Soon I arrived at The Hogan Trading Post in Mancos, Colorado — home to one of the coolest roadside attractions I’ve seen.
Massive arrows made out of telephone poles! These poles have been outfitted with arrowheads and lodged in the ground at an angle.
I happened to stop by at the very moment when the teepee and the poles were being repainted.
I asked the guy, “How are you getting those lines so perfect?” “Just eyeballing it,” he said. Impressive!
Mancos is situated in a beautiful green valley. Pictured below on Business Loop 160 through the historic part of town is the Wes Potts Memorial Theatre. It was originally the Mancos Opera House, dating back to 1910.
Beef: It’s so satisfying. Spotted on a building alongside Hwy 160.
I made it! Entering Durango: Elevation 6,512 feet.
Here’s where I first saw a sign denoting Hwy 550 – the famed “Million Dollar Highway.”
Main Avenue was bustling with bicyclists, motorcyclists, pedestrians, and automobile traffic. Durango’s history dates back to 1881 when it was established by the Denver & Rio Grande Railroad. Today, it’s home to fewer than 20,000 people.
One of my favorite buildings was this historic Strater Hotel. It opened in 1887 and is an example of American Victorian architecture. Author Louis L’Amour stayed here frequently in room 222 when he was working on his western novels.
Inside, the front desk probably looks a lot like it would have looked back then. The owners have tried to preserve the historic integrity of the facility, and I say they succeeded brilliantly. I met up with my mom and step-dad at this time, and we checked the place out.

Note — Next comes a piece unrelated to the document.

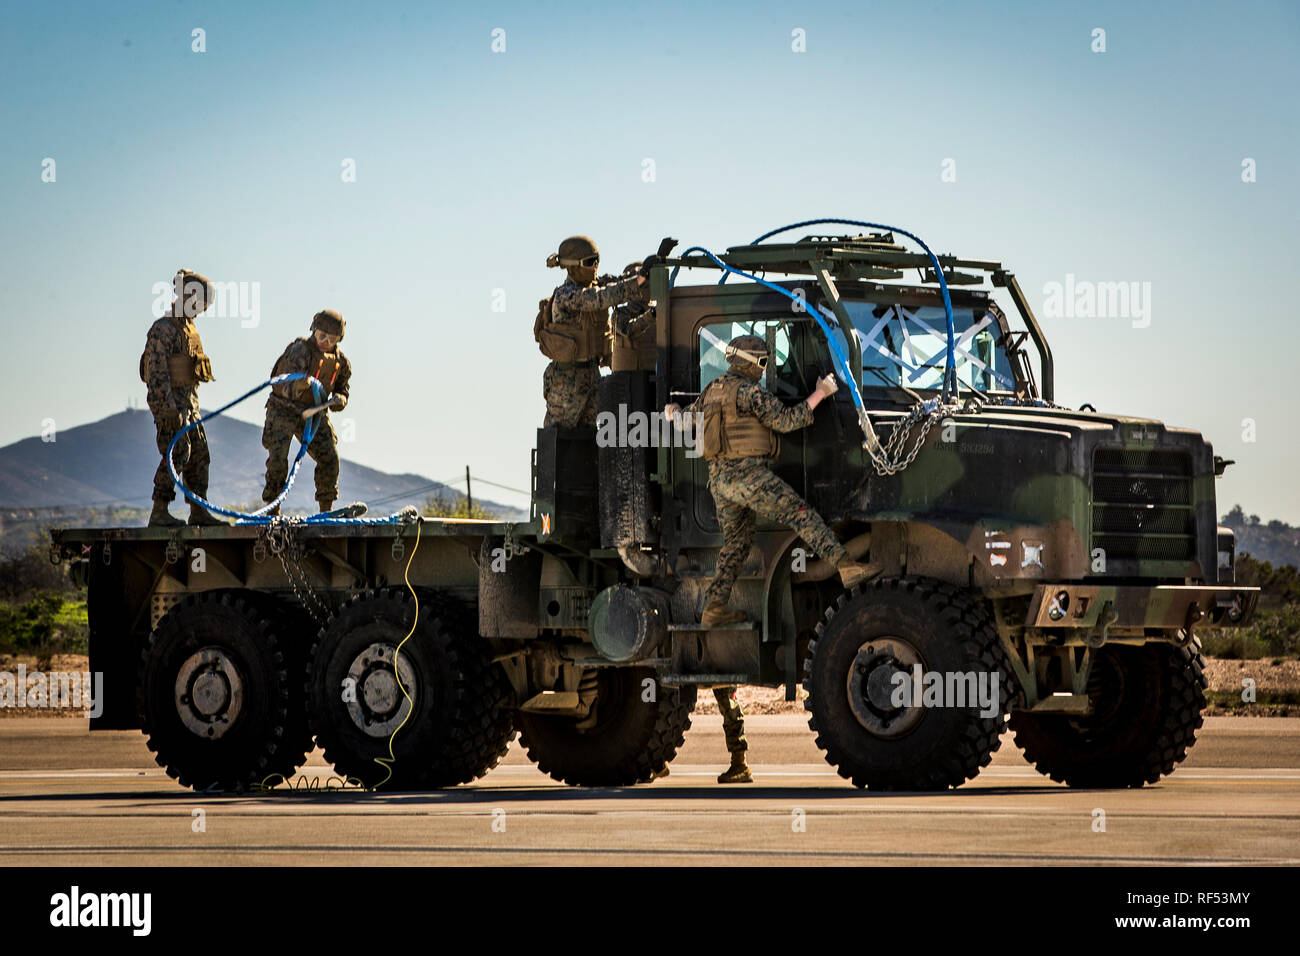 U.S. Marines with 1st Transportation Support Battalion, 1st Marine Logistics Group, prepare to conduct a Helicopter Support Team (HST) training exercise at Marine Corps Air Station Miramar, California, Jan. 22, 2019. The training was executed to employ an HST and CH-53E Super Stallion to lift a Medium Tactical Vehicle Replacement truck for transportation. (U.S. Marine Corps photo by Lance Cpl. Betzabeth Y. Galvan) Stock Photo

Adjacent to the hotel lies the Mahogany Grille where we ended up getting dinner.
I went for the pan-seared Salmon, one of several delicious sounding entrees.
Todd, Tia, Tyson
Before sundown, I had a few minutes to wander around town. At the south end of Main Avenue lies the station for the Durango & Silverton Narrow Gauge Railroad. Originally put in place to haul ore, it’s now a passenger train line that runs 45 miles between Durango and Silverton. Someday I’d like to go back and ride this.
As day 1 drew to a close, I headed north 26 miles from Durango to the Durango Mountain Resort. Steep canyon roads offer plenty of passing lanes, thank goodness. Cooler temperatures were a relief from the Arizona heat that I’ve been used to.
I entered the San Juan National Forest which covers over 2,900 square miles of western Colorado.